Math is name-only at this level. The intuition is: maximize reward, anchor to reference, take small steps.

Model copyFrozen?Why
PolicyNo (training)The LLM you’re updating
Reference modelYesFor the KL penalty (typically the SFT model)
Reward modelYesFrom stage one
Value functionNo (trained jointly)Estimates advantage

Four model copies. Frontier-LLM scale. Heavy.

  • Two-stage training (reward model + policy). Bug in stage one means restart everything.
  • Multiple sensitive hyperparameters (beta, epsilon, GAE parameters, learning rates).
  • Instability risk despite all guardrails.
  • On-policy data: model generates its own training rollouts each iteration.

DPO and the “secretly a reward model” insight

Section titled “DPO and the “secretly a reward model” insight”
1. Start with PPO objective: max reward - beta * KL(policy || reference)
2. Solve in closed form for optimal policy.
3. Rearrange: express reward as a function of the optimal policy.
4. Plug into Bradley-Terry: P(winner > loser) = sigmoid(R(w) - R(l))
5. Partition function cancels in the subtraction.
6. What remains: a supervised loss on policy log-ratios.

Result: no reward model. Just a supervised loss directly on preference pairs.

DPO loss shape:
-E[ log sigmoid( beta * ( log(p(yw|x)/p_ref(yw|x))
- log(p(yl|x)/p_ref(yl|x)) ) ) ]

Same Bradley-Terry shape as the reward-model loss from the previous lesson, with policy log-ratios in place of reward scores.

AxisPPODPO
Model copies42
Training stages2 (reward model + RL)1 (direct loss)
Main hyperparametersBeta, epsilon, GAE params, etc.Beta (typically around 0.1)
Training typeOn-policy RLSupervised
Reported performanceSlightly better on harder benchmarksSlightly behind PPO; gap varies
Pipeline complexityHighDramatically lower
Known wrinkleInstability, hyperparameter tuningDistribution shift (preferences vs model outputs)

Both need preference data. DPO removes the reward-model-training step, not the data-collection step.

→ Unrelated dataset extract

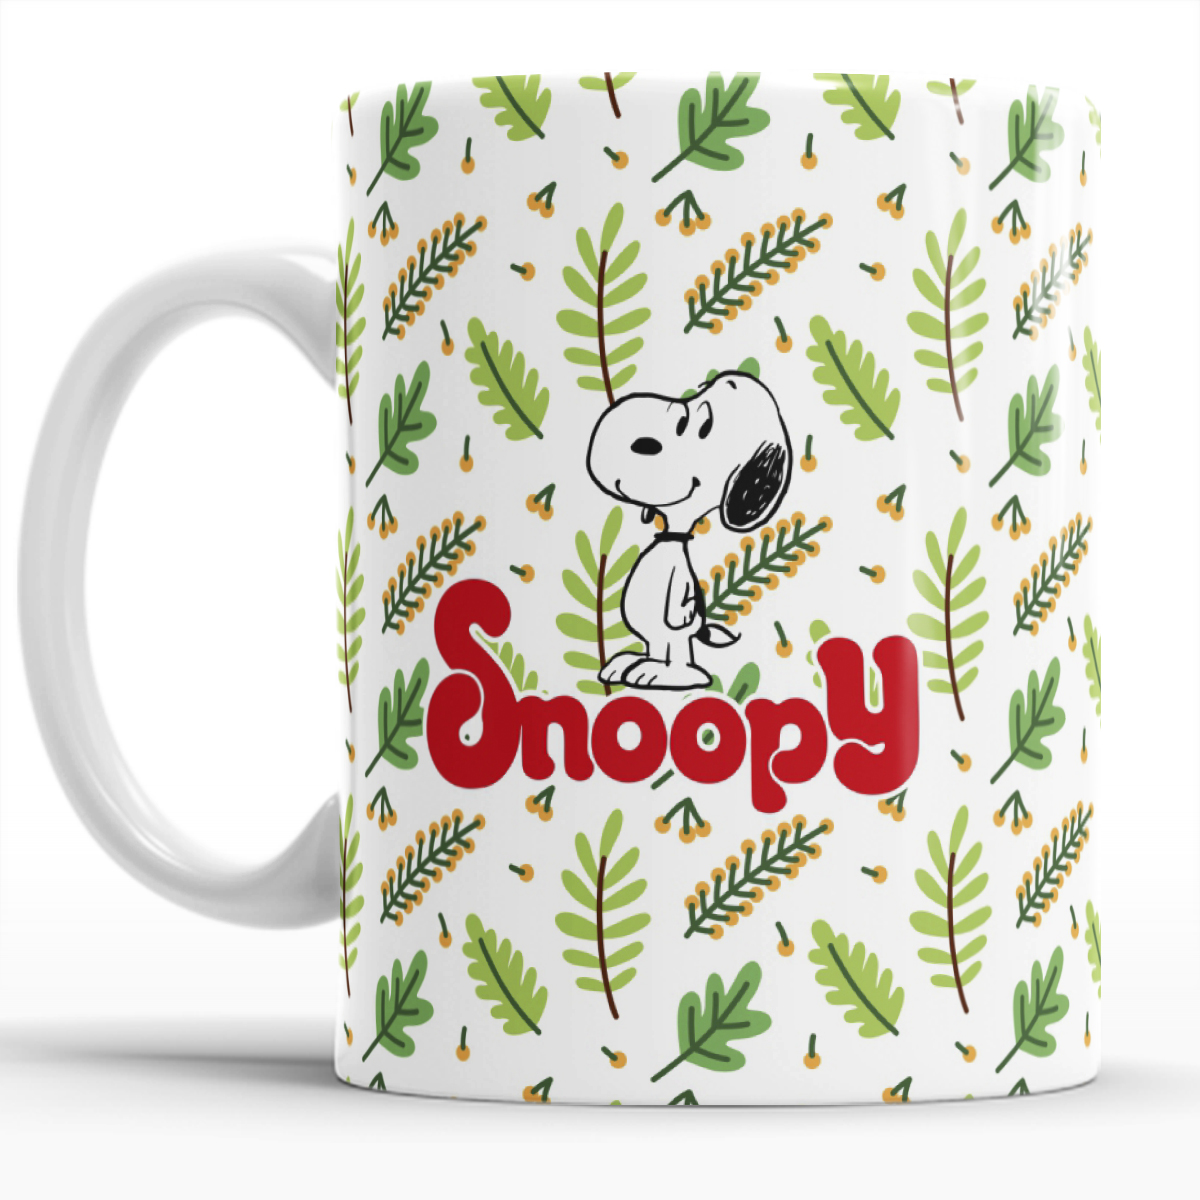 Taza Snoopy  Taza de cerámica con estampado de Snoopy, muy diverti

  • Best-of-N (BoN): skip RL entirely. Generate N completions at inference, pick the highest-rated. Pushes cost from training to inference. Good for prototyping; not how production systems are aligned.
  • GRPO (Group Relative Policy Optimization): variant of PPO that drops the value function. Used in some recent reasoning-model training (DeepSeek-Math). Covered in Phase 6.
PitfallReality
”RLHF and DPO are completely different ideas.”They are not. DPO is mathematically derived from the PPO objective. Same family.
”DPO eliminates the need for preference data.”No. It eliminates reward-model training. Both methods need preference pairs.
”The SFT model is replaced by the preference-tuned one.”Not exactly. SFT becomes the frozen reference. Preference-tuned policy ships, but the reference is load-bearing during training.
”Reward hacking is a theoretical worry.”It is a practical one. The clapping-volume analogy generalizes. Whenever a reward model approximates human preferences, hard optimization can drift the model away from the actual goal.
  • RLHF: Reinforcement Learning from Human Feedback. Two-stage: train reward model, then RL-tune policy against it.
  • PPO: Proximal Policy Optimization. The classic RL algorithm used in RLHF stage two. Originally a 2017 RL paper.
  • DPO: Direct Preference Optimization. The supervised shortcut, derived from the PPO objective in closed form. 2023.
  • Reference model: the frozen SFT model that anchors the policy via KL penalty. Both PPO and DPO use one.
  • Beta: the KL coefficient. How strongly the reference model anchors the policy. Typically around 0.1 (rough order of magnitude).
  • Advantage: “how much better than expected.” Reward minus baseline. Reduces gradient variance.
  • Clipping: PPO trick that caps per-iteration policy change. Controlled by epsilon.
  • On-policy training: model generates training data from its own current policy. PPO is on-policy. DPO works on a fixed dataset, so is not strictly on-policy.
  • Reward hacking: model optimizing too hard against an imperfect proxy reward. Result: high reward, missed actual goal.
  • GRPO: Group Relative Policy Optimization. PPO variant without value function, popularized in reasoning-model training.

A reward model tells you what’s good. It cannot tell the LLM how to get there.
RLHF uses RL with guardrails (PPO) to push toward higher reward without forgetting.
DPO is the supervised shortcut: skip the reward model, optimize the policy directly on preferences.